This laboratory introduces students to gradient descent—the fundamental optimization algorithm that powers all modern machine learning and deep learning systems. Through hands-on implementation from scratch, students will develop a deep understanding of how neural networks learn by iteratively adjusting their parameters to minimize error. This foundational knowledge is essential for understanding training processes, debugging models, and building effective AI systems.
What You'll Learn
- Gradient Descent Algorithm: Master the core optimization technique used in all neural network training
- Cost Function Minimization: Understand how to measure and reduce prediction errors
- Learning Rate Effects: Discover how learning rate impacts convergence speed and stability
- Decision Boundary Visualization: See how optimization shapes the decision boundary over time
- From-Scratch Implementation: Build gradient descent without high-level libraries to understand the mechanics
- Binary Classification: Apply gradient descent to solve real classification problems
💡 Why This Matters
Gradient descent is the engine behind every neural network training process.
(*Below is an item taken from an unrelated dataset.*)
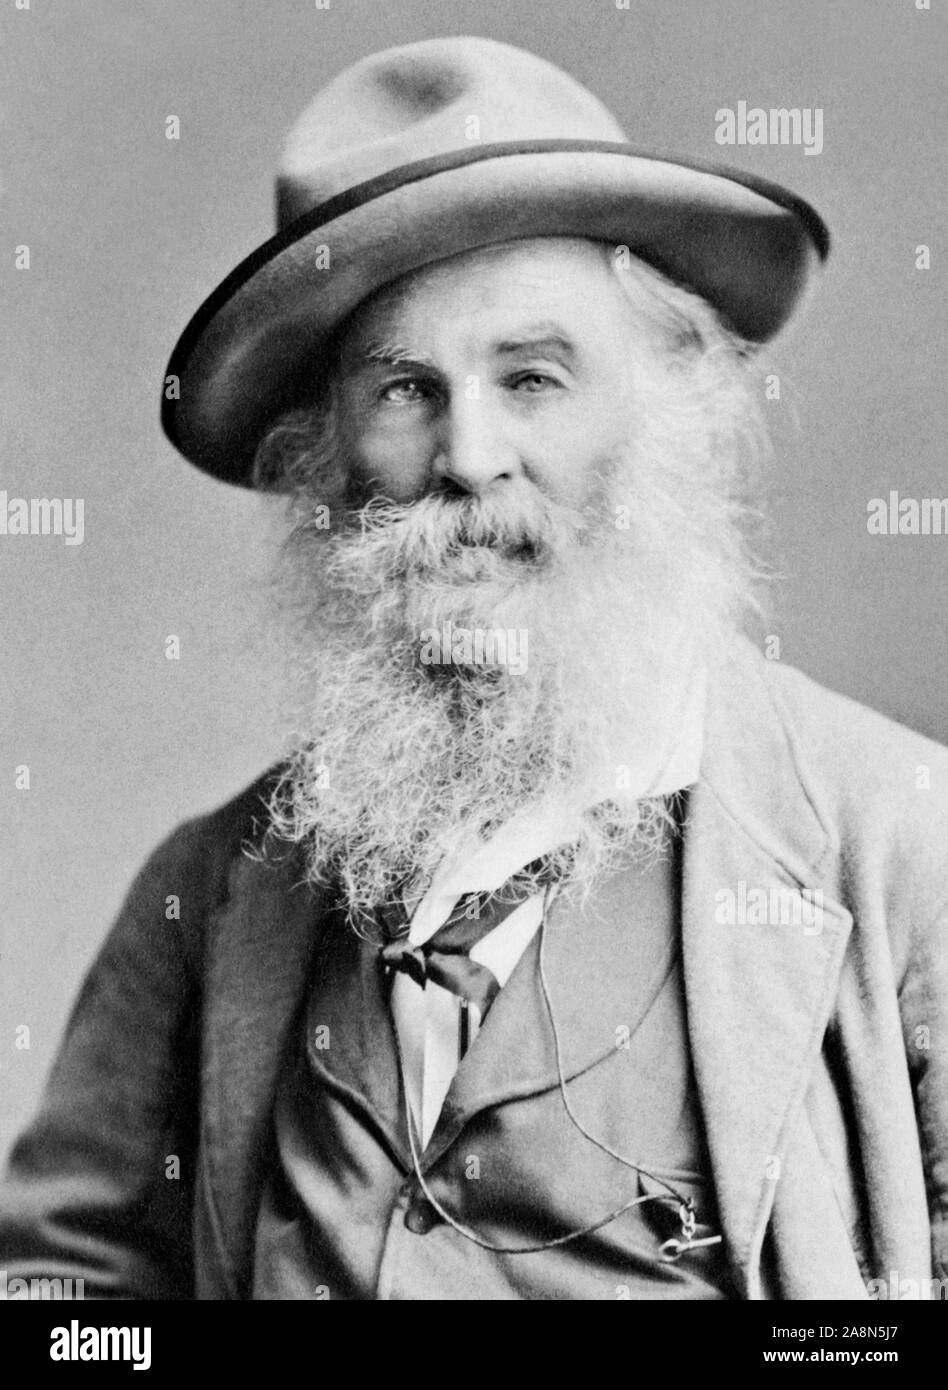 Vintage portrait photo of American poet, essayist and journalist Walt Whitman (1819 – 1892). Photo circa 1885 by Brady of New York. Stock Photo

Whether you're training a simple logistic regression model or a massive transformer with billions of parameters, gradient descent is at work, finding the optimal weights that minimize prediction error. Understanding gradient descent from first principles will help you debug training issues, select appropriate hyperparameters, design better architectures, and grasp advanced optimization techniques like Adam, RMSprop, and momentum-based methods. This is your foundation for all future machine learning work.
Lab Structure
This laboratory consists of one comprehensive part that builds your understanding step-by-step:
- Part 1: Gradient Descent Implementation
- Implement the sigmoid activation function
- Calculate model outputs (forward pass)
- Compute the cross-entropy error function
- Update weights using gradient descent (backward pass)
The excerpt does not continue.